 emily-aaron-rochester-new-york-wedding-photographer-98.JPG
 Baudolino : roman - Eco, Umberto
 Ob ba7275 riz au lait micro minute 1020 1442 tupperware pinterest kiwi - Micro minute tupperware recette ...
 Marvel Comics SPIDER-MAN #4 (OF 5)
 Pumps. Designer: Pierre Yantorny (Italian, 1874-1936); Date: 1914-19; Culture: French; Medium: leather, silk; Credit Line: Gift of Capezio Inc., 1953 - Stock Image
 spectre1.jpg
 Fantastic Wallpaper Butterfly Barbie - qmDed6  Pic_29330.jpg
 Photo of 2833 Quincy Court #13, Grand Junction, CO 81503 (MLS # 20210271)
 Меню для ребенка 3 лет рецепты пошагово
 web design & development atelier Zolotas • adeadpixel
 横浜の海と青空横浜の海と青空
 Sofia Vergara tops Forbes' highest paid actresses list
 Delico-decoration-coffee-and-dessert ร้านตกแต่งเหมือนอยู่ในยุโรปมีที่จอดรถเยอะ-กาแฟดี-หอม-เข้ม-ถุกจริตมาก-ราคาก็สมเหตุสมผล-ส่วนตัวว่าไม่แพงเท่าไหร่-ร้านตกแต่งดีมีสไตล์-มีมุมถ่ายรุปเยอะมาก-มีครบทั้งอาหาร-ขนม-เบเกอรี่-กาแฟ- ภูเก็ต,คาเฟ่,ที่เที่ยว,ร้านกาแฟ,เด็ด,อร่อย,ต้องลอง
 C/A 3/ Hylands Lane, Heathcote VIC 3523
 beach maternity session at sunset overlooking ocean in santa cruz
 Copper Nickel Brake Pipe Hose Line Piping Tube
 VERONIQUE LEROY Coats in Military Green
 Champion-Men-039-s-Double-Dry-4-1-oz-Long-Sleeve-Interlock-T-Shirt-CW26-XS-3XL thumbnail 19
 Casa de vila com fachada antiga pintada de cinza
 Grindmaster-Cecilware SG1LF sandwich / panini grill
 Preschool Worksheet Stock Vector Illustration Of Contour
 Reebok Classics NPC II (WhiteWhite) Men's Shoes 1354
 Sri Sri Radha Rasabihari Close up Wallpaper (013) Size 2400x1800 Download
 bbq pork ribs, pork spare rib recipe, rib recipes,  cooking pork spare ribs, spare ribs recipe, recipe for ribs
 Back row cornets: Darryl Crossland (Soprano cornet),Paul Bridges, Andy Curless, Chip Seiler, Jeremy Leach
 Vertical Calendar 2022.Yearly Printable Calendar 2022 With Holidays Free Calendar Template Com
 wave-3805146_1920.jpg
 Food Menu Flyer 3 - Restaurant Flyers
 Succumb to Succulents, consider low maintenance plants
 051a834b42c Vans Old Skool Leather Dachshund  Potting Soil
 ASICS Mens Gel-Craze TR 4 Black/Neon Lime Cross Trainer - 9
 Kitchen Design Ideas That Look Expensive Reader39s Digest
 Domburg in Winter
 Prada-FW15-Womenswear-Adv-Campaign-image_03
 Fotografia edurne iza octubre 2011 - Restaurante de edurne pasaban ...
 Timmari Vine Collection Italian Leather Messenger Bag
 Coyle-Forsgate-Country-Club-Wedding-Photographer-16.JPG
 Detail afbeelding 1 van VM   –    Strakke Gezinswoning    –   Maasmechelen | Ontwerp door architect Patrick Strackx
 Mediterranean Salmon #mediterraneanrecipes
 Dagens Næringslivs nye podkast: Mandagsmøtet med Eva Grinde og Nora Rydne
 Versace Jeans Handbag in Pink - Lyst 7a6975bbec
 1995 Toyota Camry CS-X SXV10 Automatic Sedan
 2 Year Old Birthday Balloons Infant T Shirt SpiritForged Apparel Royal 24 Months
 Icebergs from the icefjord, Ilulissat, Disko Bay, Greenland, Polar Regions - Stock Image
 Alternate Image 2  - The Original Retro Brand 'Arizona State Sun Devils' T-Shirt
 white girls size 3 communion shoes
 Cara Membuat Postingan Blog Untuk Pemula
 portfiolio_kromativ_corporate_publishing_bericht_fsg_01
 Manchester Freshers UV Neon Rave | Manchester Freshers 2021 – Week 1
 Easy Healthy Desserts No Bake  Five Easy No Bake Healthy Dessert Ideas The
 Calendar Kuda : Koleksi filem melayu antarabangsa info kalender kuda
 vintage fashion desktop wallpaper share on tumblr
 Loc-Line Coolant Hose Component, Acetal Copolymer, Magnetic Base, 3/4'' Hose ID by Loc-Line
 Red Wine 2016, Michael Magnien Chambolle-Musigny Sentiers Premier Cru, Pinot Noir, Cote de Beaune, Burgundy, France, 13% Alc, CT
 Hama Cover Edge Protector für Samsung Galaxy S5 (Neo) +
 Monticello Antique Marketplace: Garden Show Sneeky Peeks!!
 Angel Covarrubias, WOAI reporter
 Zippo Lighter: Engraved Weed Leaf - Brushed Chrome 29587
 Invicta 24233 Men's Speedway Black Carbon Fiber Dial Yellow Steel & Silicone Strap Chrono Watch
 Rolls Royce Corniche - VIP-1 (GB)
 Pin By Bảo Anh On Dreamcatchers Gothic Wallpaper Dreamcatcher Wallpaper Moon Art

------------------------------

**Exercise description:** In the data above, find the line that contains "white girls size 3 communion shoes" and the line that contains "Invicta 24233 Men's". Repeat exactly those lines and every line between them, and only those.

**Answer for the task:**
 white girls size 3 communion shoes
 Cara Membuat Postingan Blog Untuk Pemula
 portfiolio_kromativ_corporate_publishing_bericht_fsg_01
 Manchester Freshers UV Neon Rave | Manchester Freshers 2021 – Week 1
 Easy Healthy Desserts No Bake  Five Easy No Bake Healthy Dessert Ideas The
 Calendar Kuda : Koleksi filem melayu antarabangsa info kalender kuda
 vintage fashion desktop wallpaper share on tumblr
 Loc-Line Coolant Hose Component, Acetal Copolymer, Magnetic Base, 3/4'' Hose ID by Loc-Line
 Red Wine 2016, Michael Magnien Chambolle-Musigny Sentiers Premier Cru, Pinot Noir, Cote de Beaune, Burgundy, France, 13% Alc, CT
 Hama Cover Edge Protector für Samsung Galaxy S5 (Neo) +
 Monticello Antique Marketplace: Garden Show Sneeky Peeks!!
 Angel Covarrubias, WOAI reporter
 Zippo Lighter: Engraved Weed Leaf - Brushed Chrome 29587
 Invicta 24233 Men's Speedway Black Carbon Fiber Dial Yellow Steel & Silicone Strap Chrono Watch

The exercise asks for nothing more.